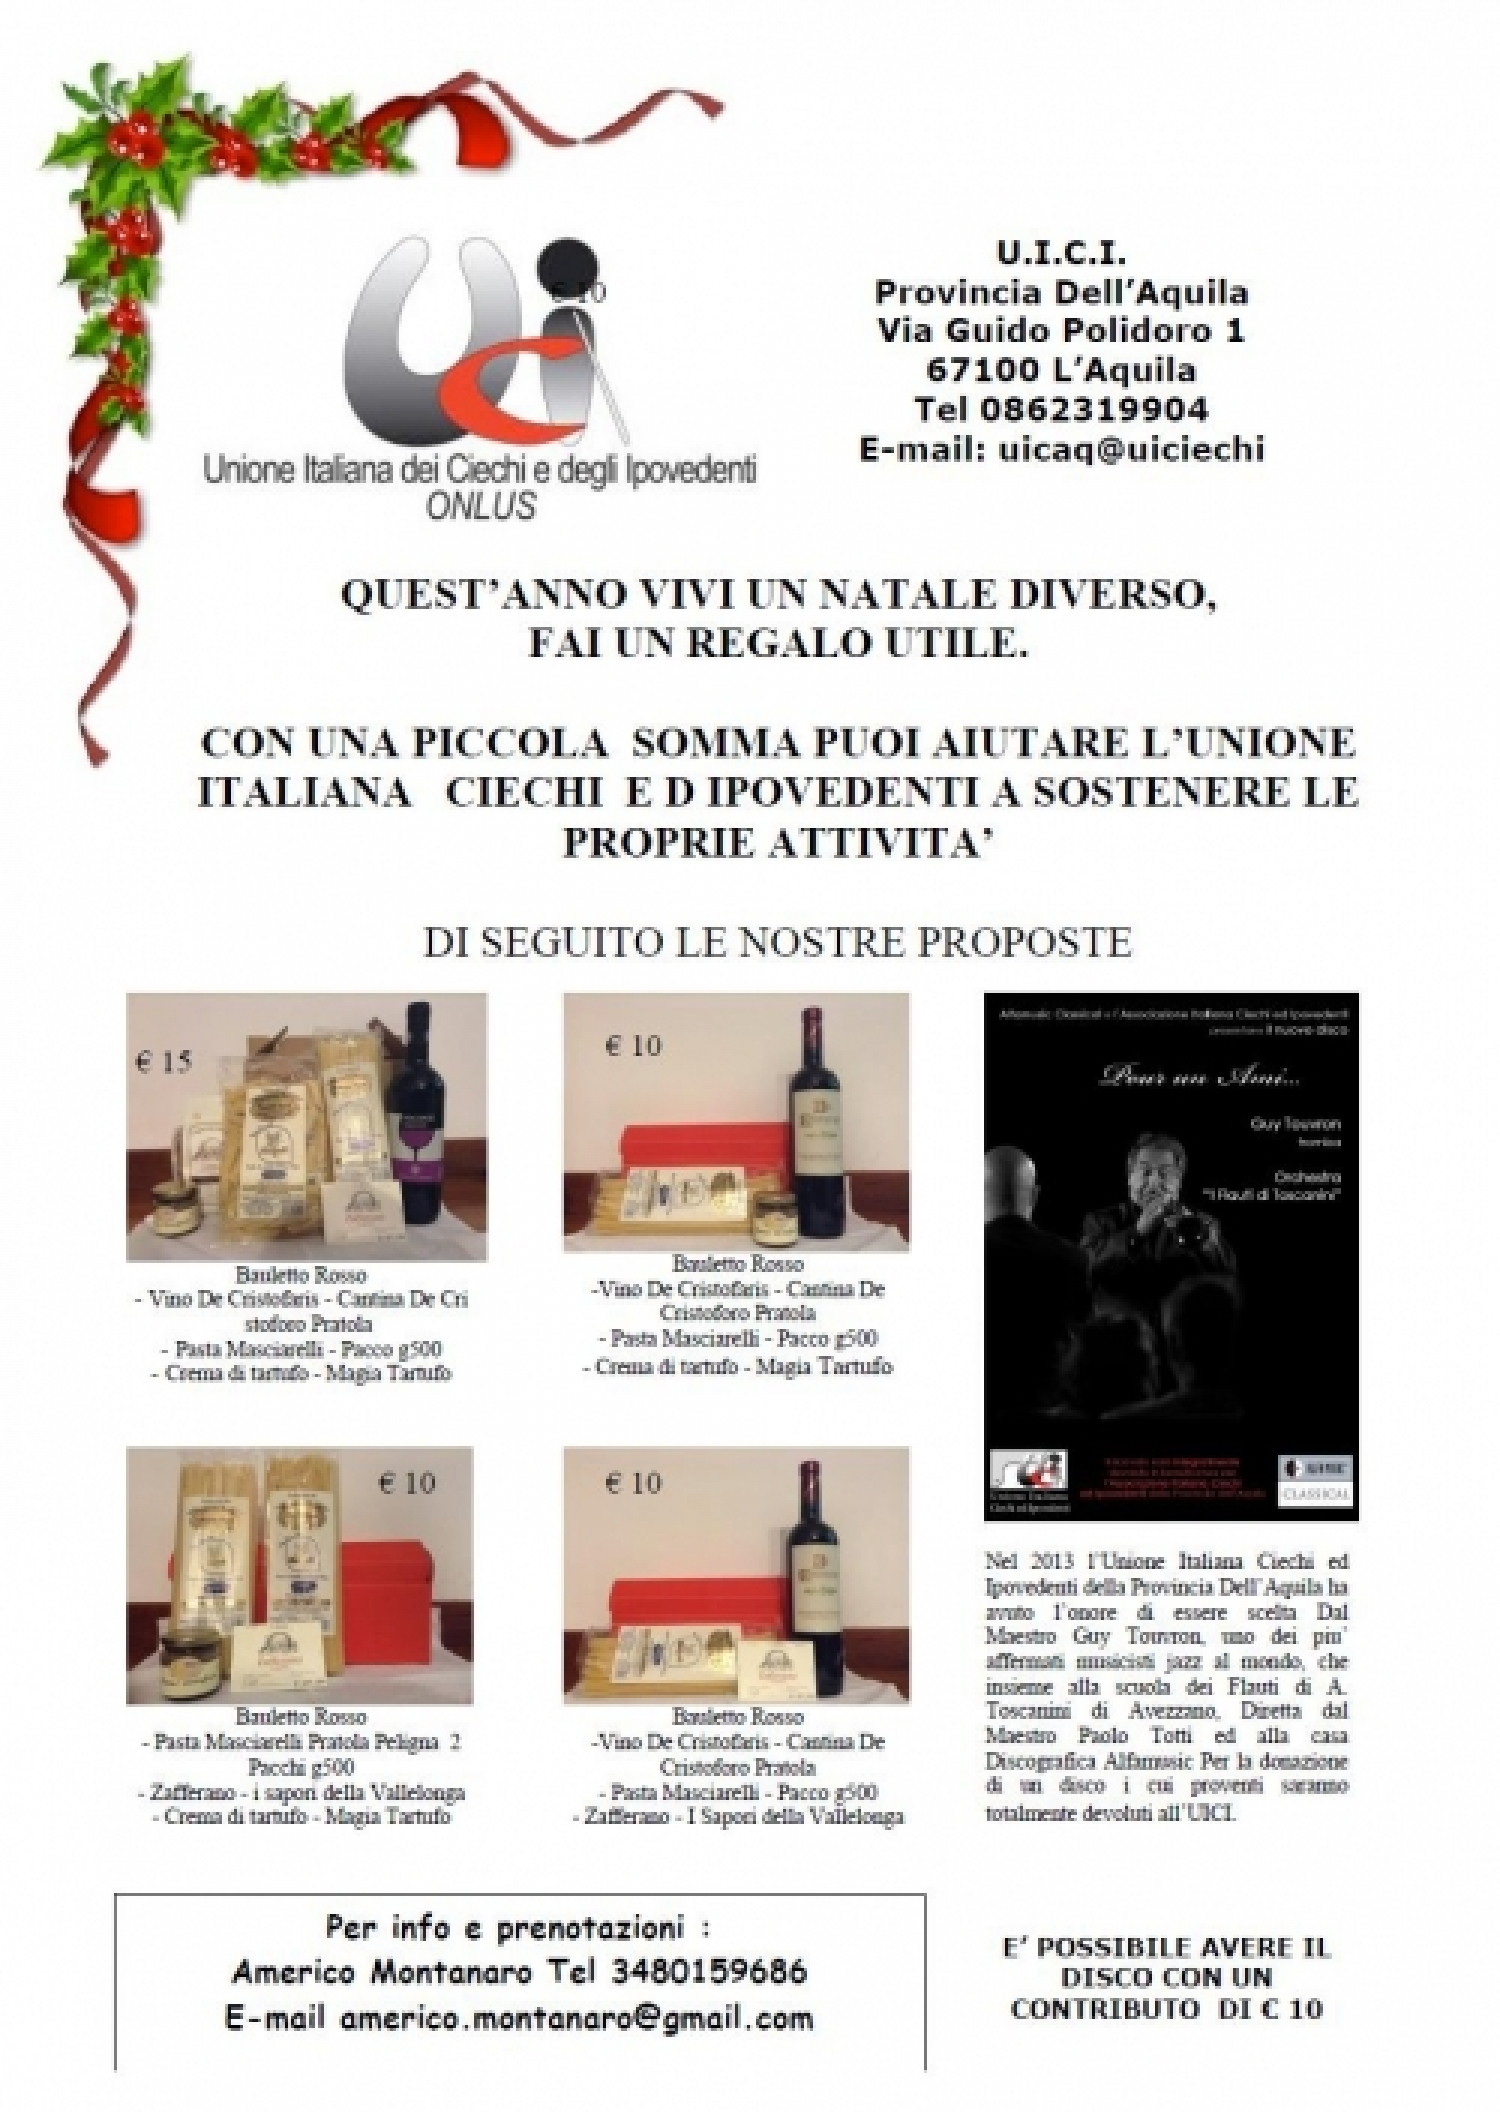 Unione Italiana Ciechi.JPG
---
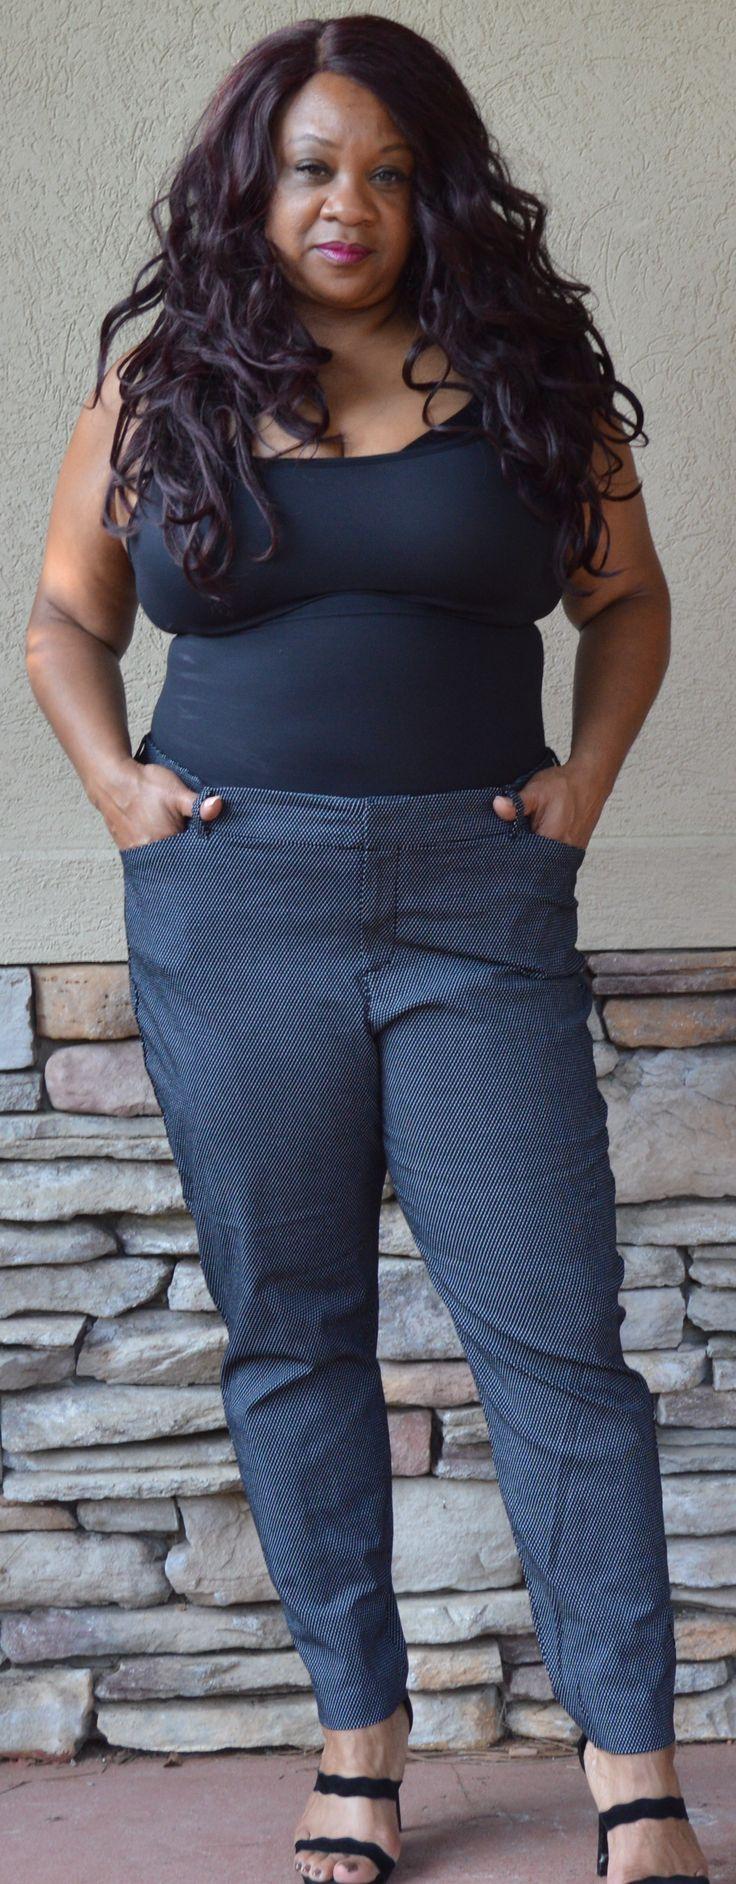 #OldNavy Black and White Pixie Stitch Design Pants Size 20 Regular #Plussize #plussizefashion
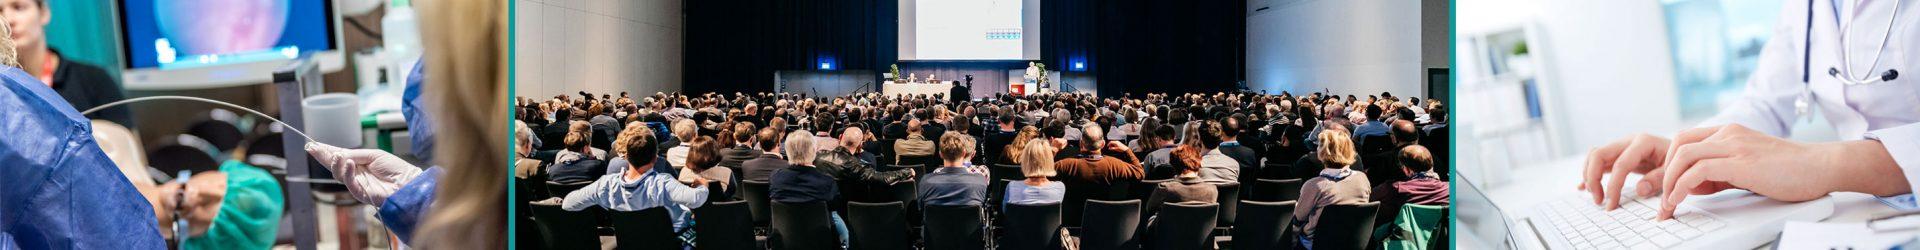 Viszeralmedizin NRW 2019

▸ WHAT IS BEING ASKED: Here the job is to copy the stretch of records from the line containing "#OldNavy Black and" through the line containing "Viszeralmedizin NRW 2019", word for word. Leave every picture out.

▸ SOLUTION FOR THIS TASK:
 #OldNavy Black and White Pixie Stitch Design Pants Size 20 Regular #Plussize #plussizefashion
 Viszeralmedizin NRW 2019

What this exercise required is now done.